I hit send on my last email of the shortened Friday, closed up the contract database, saved and closed the grid I was poking at, straightened my piles of this way and that papers, put my shoe back on, and headed for the stairs.  It was Friday, and it was party time.  The muffled bump and hum of rap music had slid up to the 9th floor from the 6th like the smoke monster on Lost, and the smell of chocolate and cheese wafted down from the 11th.  For some odd reason my apprehension far exceeded my excitement as I walked up to check out the scene with Maren.  I'd  imagined that it was going to be a scene straight out of The Office, or possibly the British Office, seeing as the alcohol intake of children's book publishers is much higher a percentage than one would innocently imagine.  Maybe we need more substance in order to come up with whacked-out ideas that children would love, like "Is Your Mama a Llama," or "I'm Your Bus." I expected awkward mingling, too-sweet wine, some table cloths, and  a chat or two with some people I only see hunched over their keyboards.  I was mistaken, in the grandest of ways.  

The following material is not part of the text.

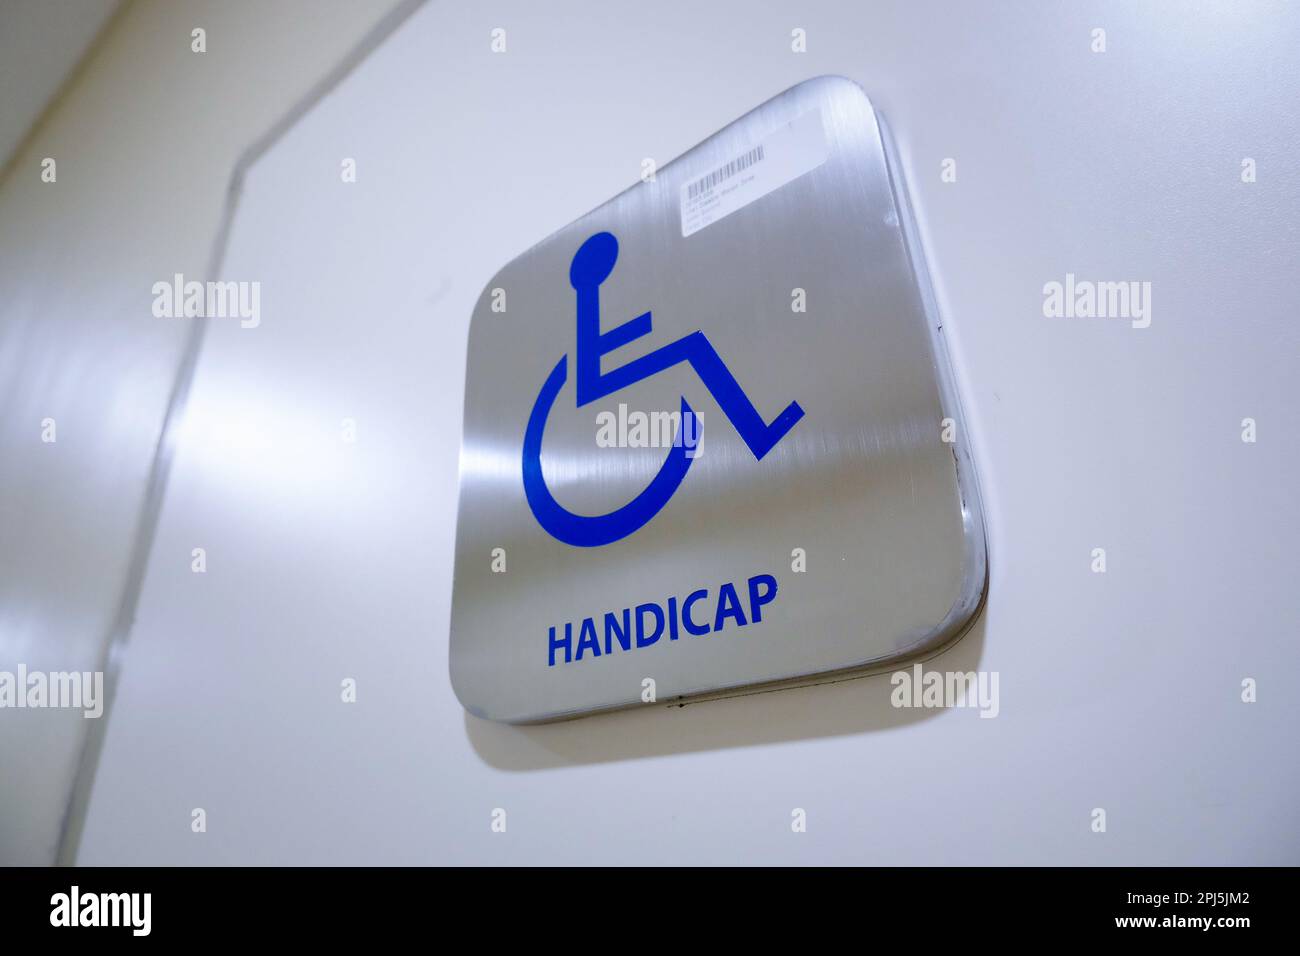 Photo à faible angle d'un panneau de toilettes handicapés en acier inoxydable avec une icône bleue. Favorise l'accessibilité et l'inclusion dans les espaces publics. Universellement recog Banque D'Images

The 11th floor had a dance floor, packed with younger revellers, head bobbing and fist pumping to "Empire State of Mind," overlooking the lower Manhattan skyline.  I spoke with an art director who's breath was rank but I had never known she was in love with Belgium, had amazing taste in music, and was clinically claustrophobic.  
The 6th floor, which is usually the floor where all meetings take place, had catered delicacies like shrimp, leg of lamb, and cheese, cheese, cheese.  Somehow, we had found heaven, squished within the walls of Scholastic.  Maren and I tracked down our only crush - in publishing women don't have many options - whom we had nicknamed and swooned over just because.  He played it cool, though, poking at his iPhone and pretending to ignore our pleas to go up to the dance floor.  
The 2nd floor had coffee and cakes and randomly a huge screen with a video of snow falling in a quiet forest, on repeat.  I wasn't sure what to make of this video - was it supposed to make us feel that warm Christmas-y feeling?  I felt more like I was in a scene from Into the Wild.  People kept standing in front of the projector, the shadows of the falling snow drifting down their faces, until someone awkwardly pushed them to the side.  
We figured the 11th floor was where the In-Crowd was, so we headed up, wine glasses in hand, through our asylum of employment, the eeriness of drinking amid the deserted cubicles setting in.  When we arrived back on 11, the majority of the crowd stuck with "The white man's overbite" as their move of choice, but as the night wore on, the dancing became somewhat graphic.  
That was when Maren and my brown and blue eyes locked, glazed over, and we peaced out, to skip down Broadway and join the masses of the wintry Manhattan evening.